# Copper Theft and Electrocutions



## kb1jb1 (Nov 11, 2017)

Why would somebody go through the trouble of cutting wires for the scrap value? You can simply walk into a big box store, load up the shopping cart and just walk out. A simple non monetary retail transaction. It was done last week at a local Lowes store. They just walked out with $3,200.00 worth of wire.


----------



## wiz1997 (Mar 30, 2021)

I recall back in the late 70's, early 80's, when scrap copper was going for close to $4.00 per pound.

Copper thieves were cutting the #6 bare copper wire at the bottom of a power pole, then snatching it loose from the pole.

Once they got it loose from the pole the only thing holding it was the connection at the top.

They would jerk on the wire until broke loose.

When the wire broke loose it would often whip and contact the power lines.

They were finding charred bodies near the poles and hospitals were getting people with electrical burns.

Copper thieves were gutting the Romex out of abandoned houses, unoccupied houses up for sale and even new unfinished houses.

During that time I was working on a 20 story high-rise.

We had four 500 foot reels of 750 MCM delivered to the job on Friday for the wire pull to be done on Tuesday.

No work on Monday because of the holiday.

Got to work Tuesday and the place had been wiped out.

Every craft was missing tools and equipment.

The reels of wire were gone.

How in the world did those reels get moved?

It took a cherry picker to get them off the flatbed truck.

A few hours later we were taking a break on the 7th floor, sitting on a stack of sheetrock.

No windows in the building yet, and back then not even a guard rail.

Co worker was standing buy a column on the outer edge, and called us over.

"What do you see down in that field?"

Looked like wagon tracks going across an open field towards an apartment complex.

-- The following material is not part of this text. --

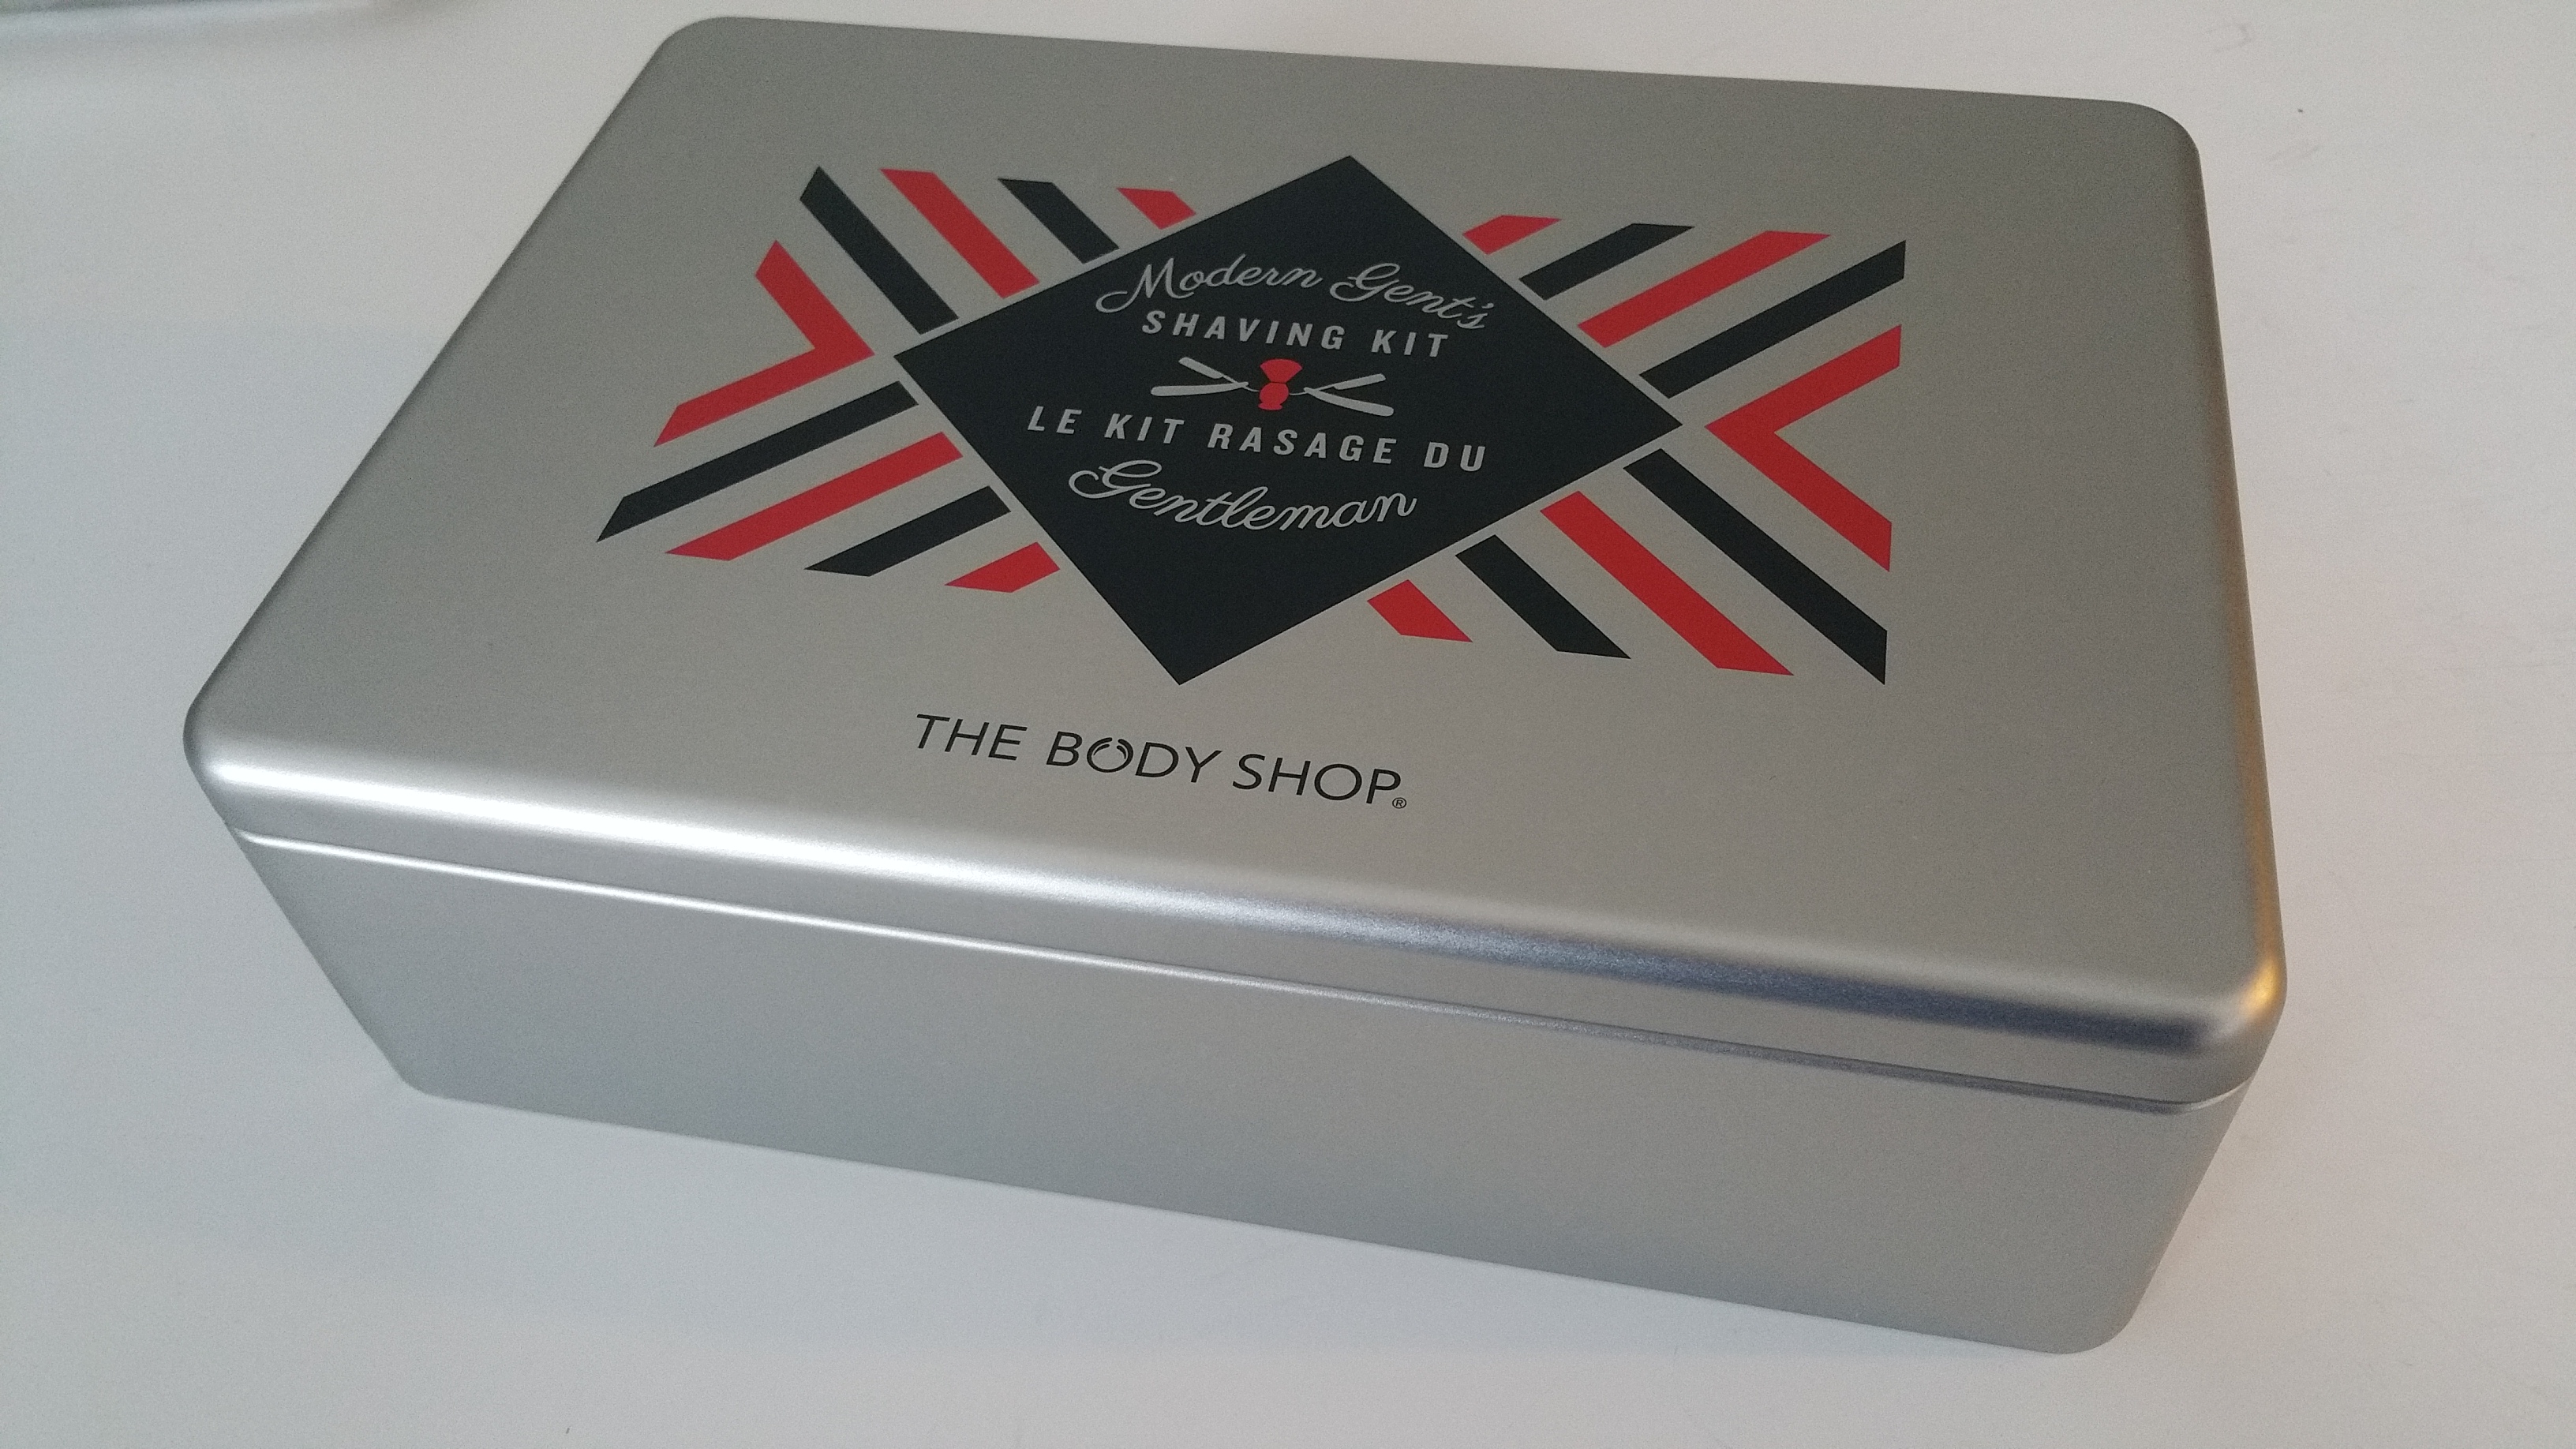 The Body Shop: Modern Gent’s Shaving Kit

Reported to the general forman, who took a drive through the apartment complex.

There were the four reels of wire and three guys sitting on the tailgate of their truck stripping the wire.

The police were called, three men arrested, and the wire confiscated as evidence.

Company had a metal shipping container delivered, and the second set of reels were locked up as soon as they were delivered.

During my apprenticeship the job Foreman on small jobs would let the apprentices divide up the scape wire.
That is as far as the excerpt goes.